Britain is staring down the barrel of a gun. The tax burden is set to rise to its highest level since the aftermath of the Second World War; inflation is at its highest level for 40 years; living standards are on track for their sharpest drop in six decades; and we are officially on the brink of a year-long recession.
In short, the outlook is grim. But all of the above are symptoms, not the underlying cause. Our fundamental problem is low productivity – low output per worker – which then feeds through into lower wages and wider economic woes.
A lot lower wages, in fact. One expert analysis of the Chancellor’s Autumn Statement finds that average wages would be £15,000 a year more by 2027 if we had sustained the rate of wage rises before the financial crash of 2008/9.
The causes of low productivity are no doubt complex and various. What we do know if that before the crash, output per worker had been rising at over 2% a year since the mid-1970s. Since the crash, it has crawled along at an average 0.5% a year.
Fix the productivity puzzle, and you fix a great deal more.
Research conducted by my digital diagnostics firm Actual Experience points to one simple practical way to boost productivity and, by extension, national output.
But first we have to recognise that the world has changed – almost certainly irreversibly. Working patterns have changed. Before the pandemic, most people went to the office or the factory every day. Now they don’t. As many as 60% of people work from home at least some of the time. They like it and they don’t want to go back to the old daily grind.
Hybrid working – part office, part home – is here to stay.
But here’s the rub. Our digital infrastructure is not good enough to support millions of people working from their kitchen tables.
Almost all of them rely on consumer broadband. This is fine for most social, domestic and pleasure purposes – such as downloading films or posting messages on Facebook. But it is not up to the task of providing the reliability, speed and security of a business or industrial network.
Our research falls into two parts.
First, we work for global corporations, employing 100,000 or more people. Our job is to analyse the day-to-day experience for these workers as they go about jobs in their digital workplace. We identify the ones working unhindered – and the many experiencing digital friction – either in the office or at home or both. And we help their employers pinpoint weaknesses in the digital workplace and fix them.
Second, we asked Savanta ComRes to survey 1,000 home-workers and see how they were getting on. The results were pretty alarming. Nearly nine in ten of them reported having suffered poor or unreliable connectivity, with 26% saying this is a problem they encounter very or fairly often.
When asked if they find working from home stressful due to unreliable technology, as many as 46% with IT performance failings agree. Over 50% of those who have suffered erratic broadband and video and audio dropouts report that these problems make their working day less productive.
Our research for big business clients and the poll point in the same direction. UK productivity per worker – and national output – would be significantly higher if our domestic digital networks were of industrial standard and up to the task.
We estimate that the boost to national wealth would be as much as £60 billion a year – or 3% of GDP.
Why do so many workers struggle with their connectivity relative to office quality?
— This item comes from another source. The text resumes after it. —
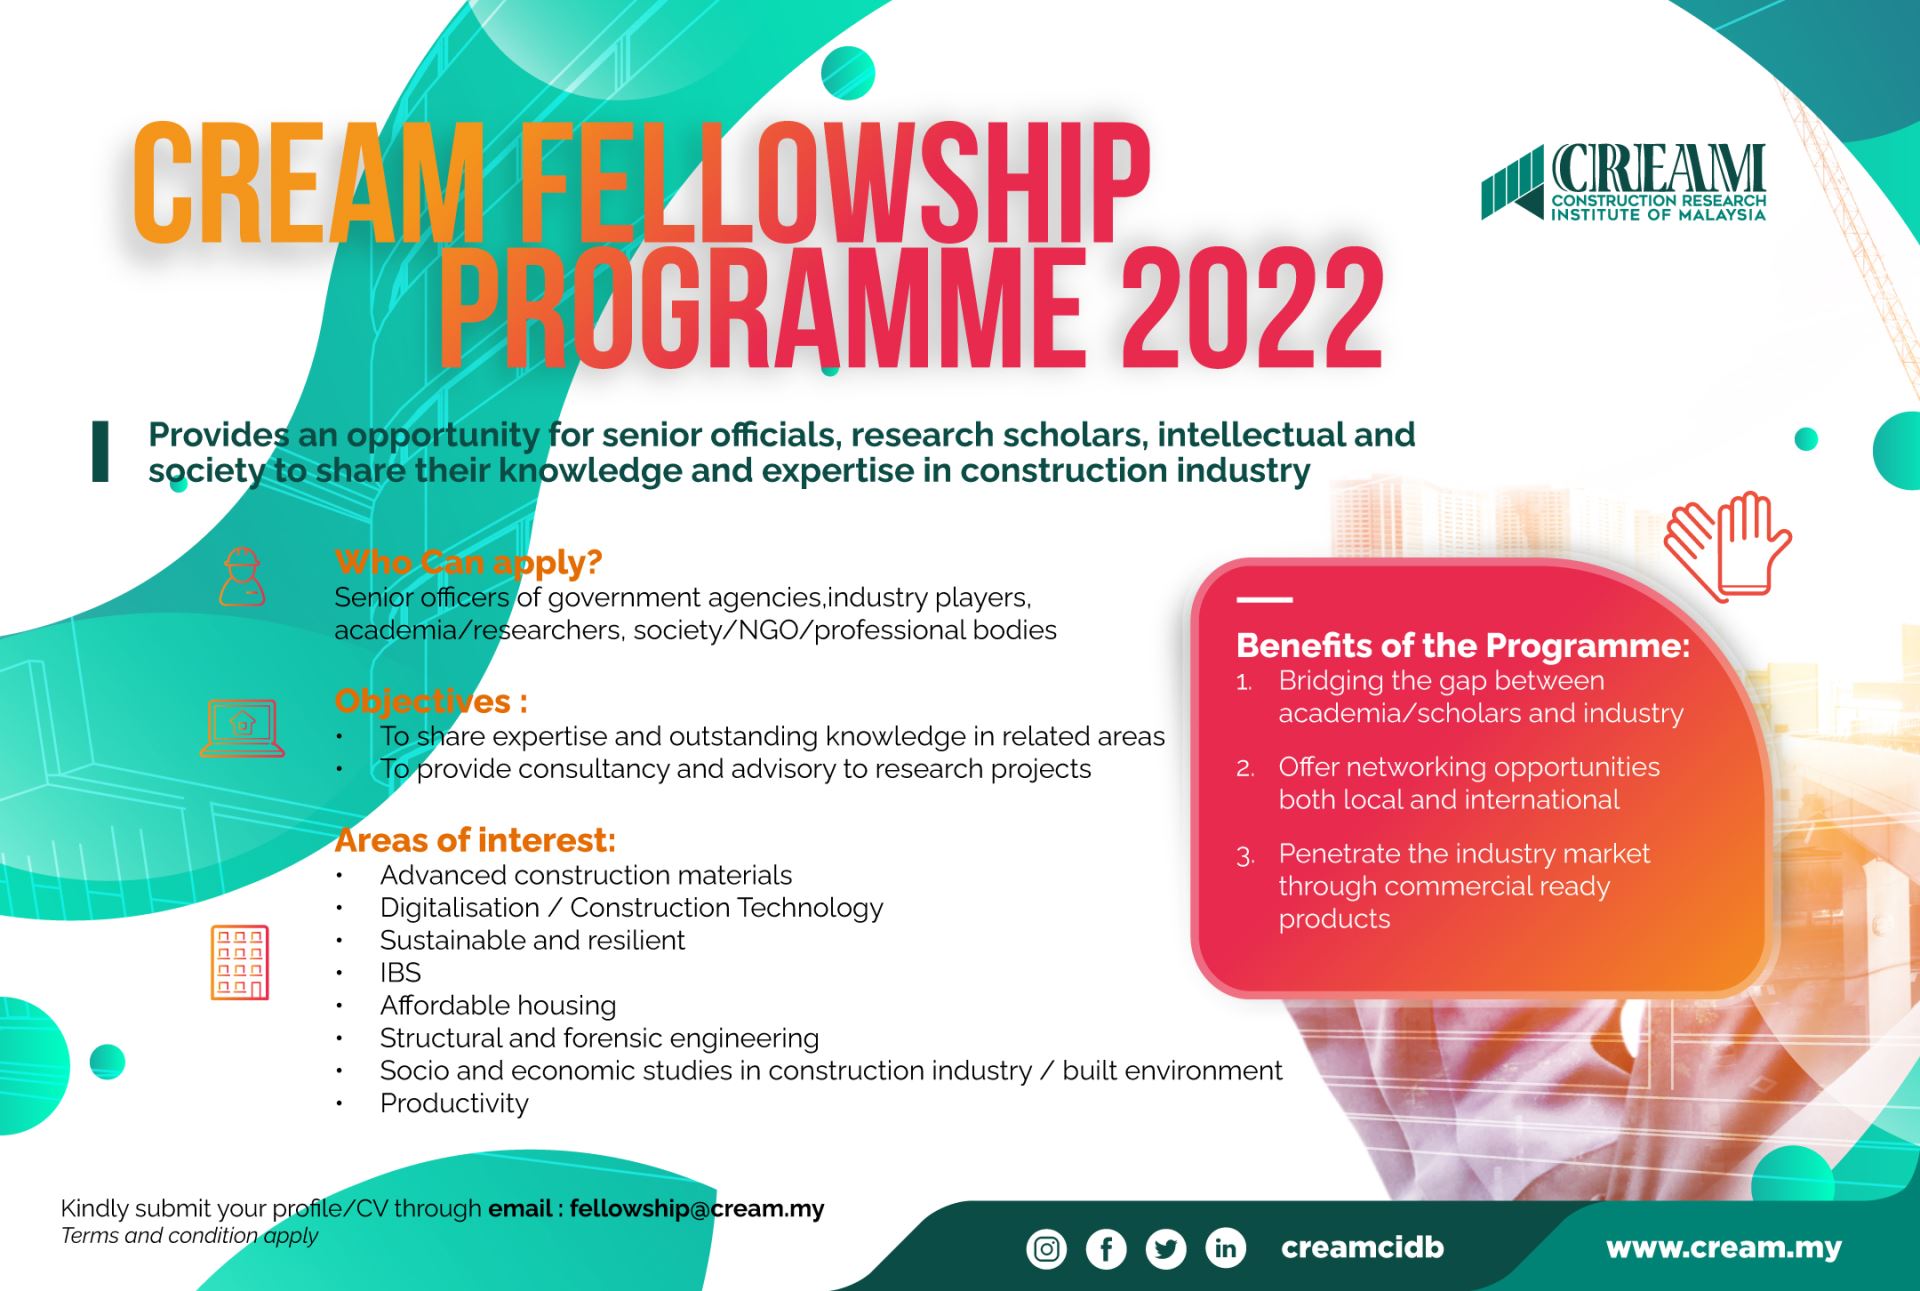 The CREAM Fellowship Program 2022

Part of the problem is that many firms do not invest in the broadband equipment of their workers.
Our poll finds that 68% of home-workers are not provided with any financial or logistical support to improve their connection, despite the fact our research shows business standard broadband tends to be far superior in both quality and reliability to the consumer standard.
And they certainly want it, with 65% saying employers should provide the service, which typically costs £500 to £1,000 a year and requires the installation of some heavy duty kit.
The taxman doesn’t help either. Employees are currently taxed for home broadband upgrades as a benefit in kind – akin to the levy on a company car or mobile phone.
With 72% of home-workers agreeing such upgrades should be tax-free, it is clear there is pressure for change.
The productivity nut is not easily cracked. But with WFH a fact of life – and likely to become even more so – bringing the office to the home in the shape of top quality internet connections looks like a sensible and practical step that will pay dividends for all concerned. The cost to HMRC would be a pittance.
Right now we are relying on a digital network never designed to sustain millions of home workers.
We should stop trying to run a Rolls Royce on two star petrol and power up the WFH revolution.